There is an exception to the Authorization requirement that permits disclosure to non-governmental entities subject to FDA jurisdiction (including pharmaceutical manufacturers and their representatives) to allow reporting of adverse events, to enable product recalls, to track products and to conduct post-marketing safety surveillance (as required by FDA).). Further, disclosure to FDA does not require Authorization because it is a required disclosure under the Privacy Rule, but FDA must be named in the research informed consent document.

Impact on Informed Consent

Where an individual participates in research involving treatment his/her right of access may be suspended for as long as the research is in progress. The individual must agree to this denial of access when consenting to participate in a clinical trial and the provider must agree to reinstate the right of access upon completion of the research.

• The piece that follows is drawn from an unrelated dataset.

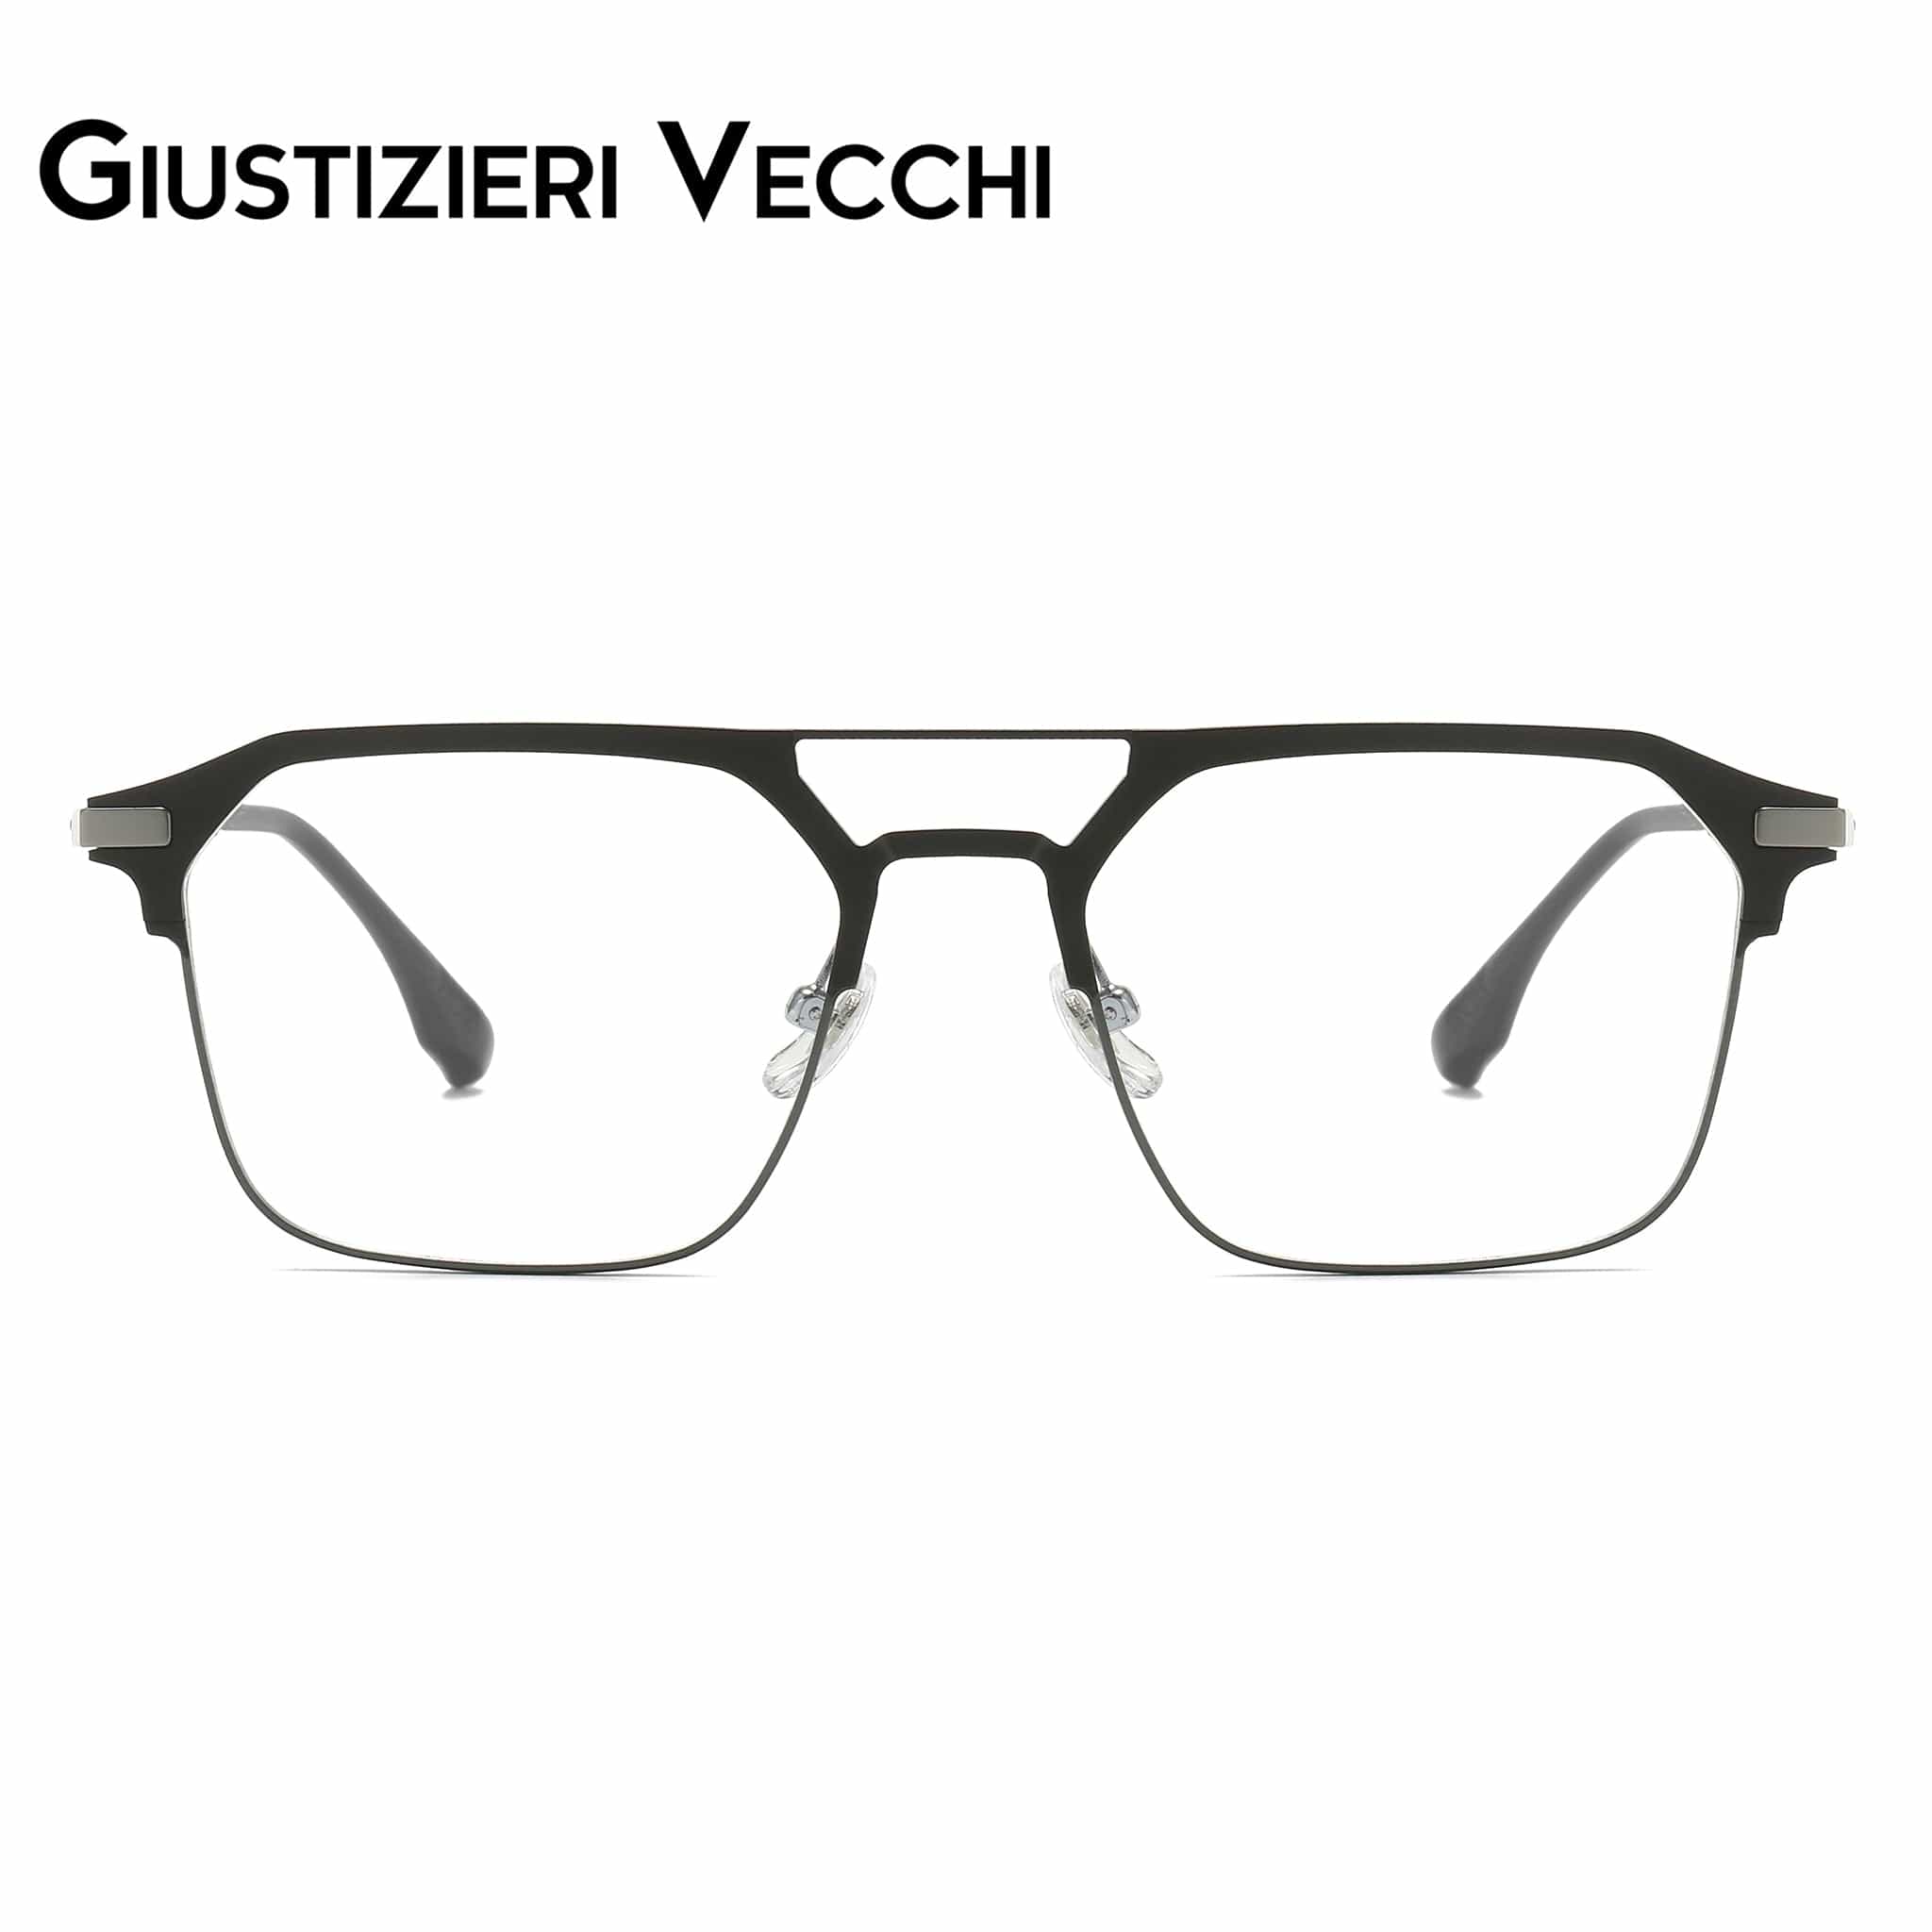 GIUSTIZIERI VECCHI Eyeglasses Medium / Black with Grey IceBlast Uno

Impact on Creation of Research Databases

Research registries and databases (databases) collect medical and demographic information and biological samples (tissue banks), when relevant, to provide a central information source for practitioners or for future research related to a certain disease or condition. Research databases may also be created to facilitate identification and subsequent contact of patients for participation in clinical trials. Such databases are also important to researchers who study epidemiological patterns of disease or track the success of health interventions across broadly dispersed populations.

Covered entities are permitted to disclose PHI to a database for research purposes provided the disclosure is made pursuant to a Waiver, an Authorization or consists of only a "limited data set." When an Authorization is required, it must specifically identify and limit the use/disclosure to the creation of a database (or tissue bank). Additionally, a covered entity's Privacy Notice must mention its intent to use/disclose PHI for databases.
Any future research trial using the database or tissue bank requires a separate, IRB approved protocol and a corresponding trial-specific informed consent/Authorization document (or a Waiver). Authorizations that attempt to cover future, unspecified research are not permitted.

Impact on Patient Recruitment - Scenarios of Acceptable Practice

The most significant impact of this regulation for investigators is in the area of patient recruitment. In an update to the Privacy Rule, effective August 14, 2002, the DHHS clarified that recruitment of subjects for research is indeed "research." Therefore, common recruitment practices such as records review and use of databases are now subject to the restrictions imposed by the Privacy Rule.

Recruiting subjects includes both the challenge of getting the information to the potential recruits and getting them interested in the study. It is important to remember that a research Authorization only permits the use and disclosure of PHI created for research. If a covered entity has an existing relationship with the patient and wants to use or disclose the PHI it obtained prior to the research for determining eligibility, separate Authorization (or Waiver) may be required. Methods for the identification of potential subjects and recruitment must be included in the IRB application to review the research.

Investigators typically find their research patients in one of three ways:

1. Identifying patients from within their own practice
2. Obtaining referrals from other physicians or recruitment centers, or
3. Through advertising (primarily in newspapers and on the radio).

Identifying Patients for a Study within the Investigator's Practice (within the entity)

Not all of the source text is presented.